Üniversite sınav soruları satılıyor. Var mı böyle bir ülke dünyanın başka bir yerinde? Madem üniversite soruları satılacak, neden üniversite sınavı yapılsın? Yani öyle bir mekanizma oluşmuş ki bu mekanizmada bir çocuğumuzun SBS diye ya da üniversite diye girdiği bir sınavın rantı trilyonları buluyor ve maalesef onlar da belli kişiler. Peki, çocukların eğitimi için bütçe ayıran bu Meclis, neden denetimini sağlıklı bir şekilde yapmıyor? Eğitim konusuyla ilgili o kadar çok sorun var ki eğitim çalışanlarının, idarecilerin, öğretmenlerin, öğrencilerin, akademisyenlerin, hizmet personellerinin eğitim kurumlarını? Ama bu sorunların çözümüne ilişkin hiçbir tutum yok. Yaklaşık yedi yıldır onlarca vakıf ve devlet üniversitesi kuruldu ama eğitim sorunlarına ilişkin, usulsüz atamalarla ilgili, eğitim kurumlarındaki yolsuzluklarla ilgili hiçbir çözümleyici çalışma yapılmadı.

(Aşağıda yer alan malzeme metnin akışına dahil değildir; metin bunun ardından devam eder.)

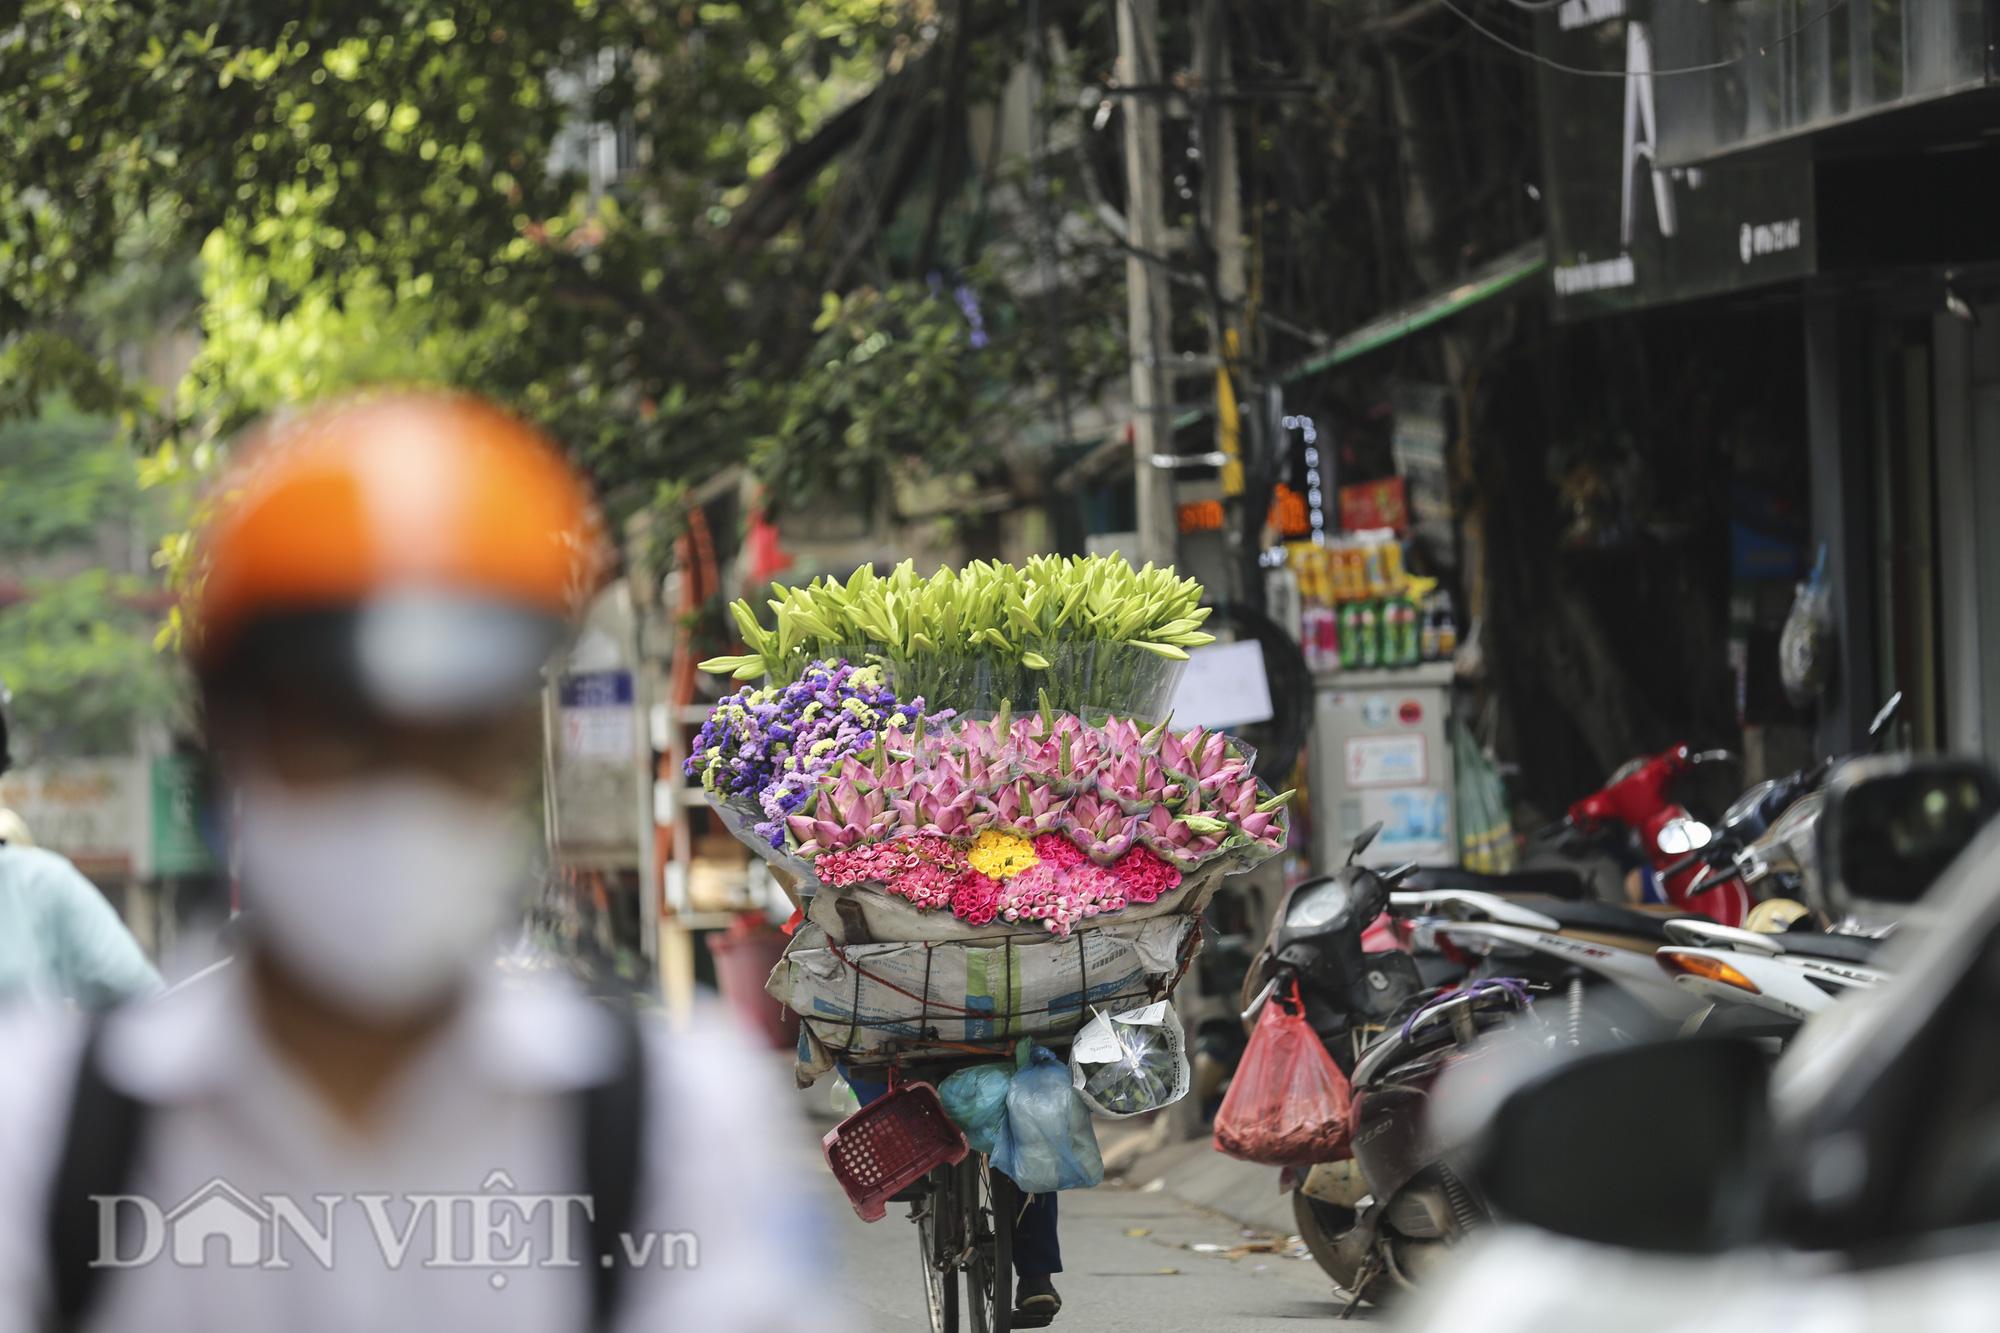 Sen đầu mua khoe sắc, len lỏi khắp phố phường Hà Nội - Ảnh 4.

Yine Van'dan bahsedeceğim. Depremde hasar görmüş ve yıkılmaya yüz tutmuş okullar göstermelik tamirat, tadilatla faaliyete sokuldu ve şu an binlerce çocuk yaşanabilecek herhangi bir sarsıntıda yıkılacak okullarda eğitim görüyor. Buna ilişkin bir çalışmanın olması gerekiyor.

Daha önceden de belirttim, Sayın Bakanımızın yeni göreve başlamış olmasından kaynaklı, bizde de daha önceki yaklaşımı ve mizacı itibarıyla da eğitim camiasının ilgisi ve umudu açısından olumlu bir kişilik. Umuyoruz ki bahsettiğimiz konulara eğilerek ülkenin eğitim?

(Mikrofon otomatik cihaz tarafından kapatıldı)

ÖZDAL ÜÇER (Devamla) - ?sorunlarını gerçek manada çözmeye dönük bir tutum sergiler. Başarılar diliyorum. (BDP sıralarından alkışlar)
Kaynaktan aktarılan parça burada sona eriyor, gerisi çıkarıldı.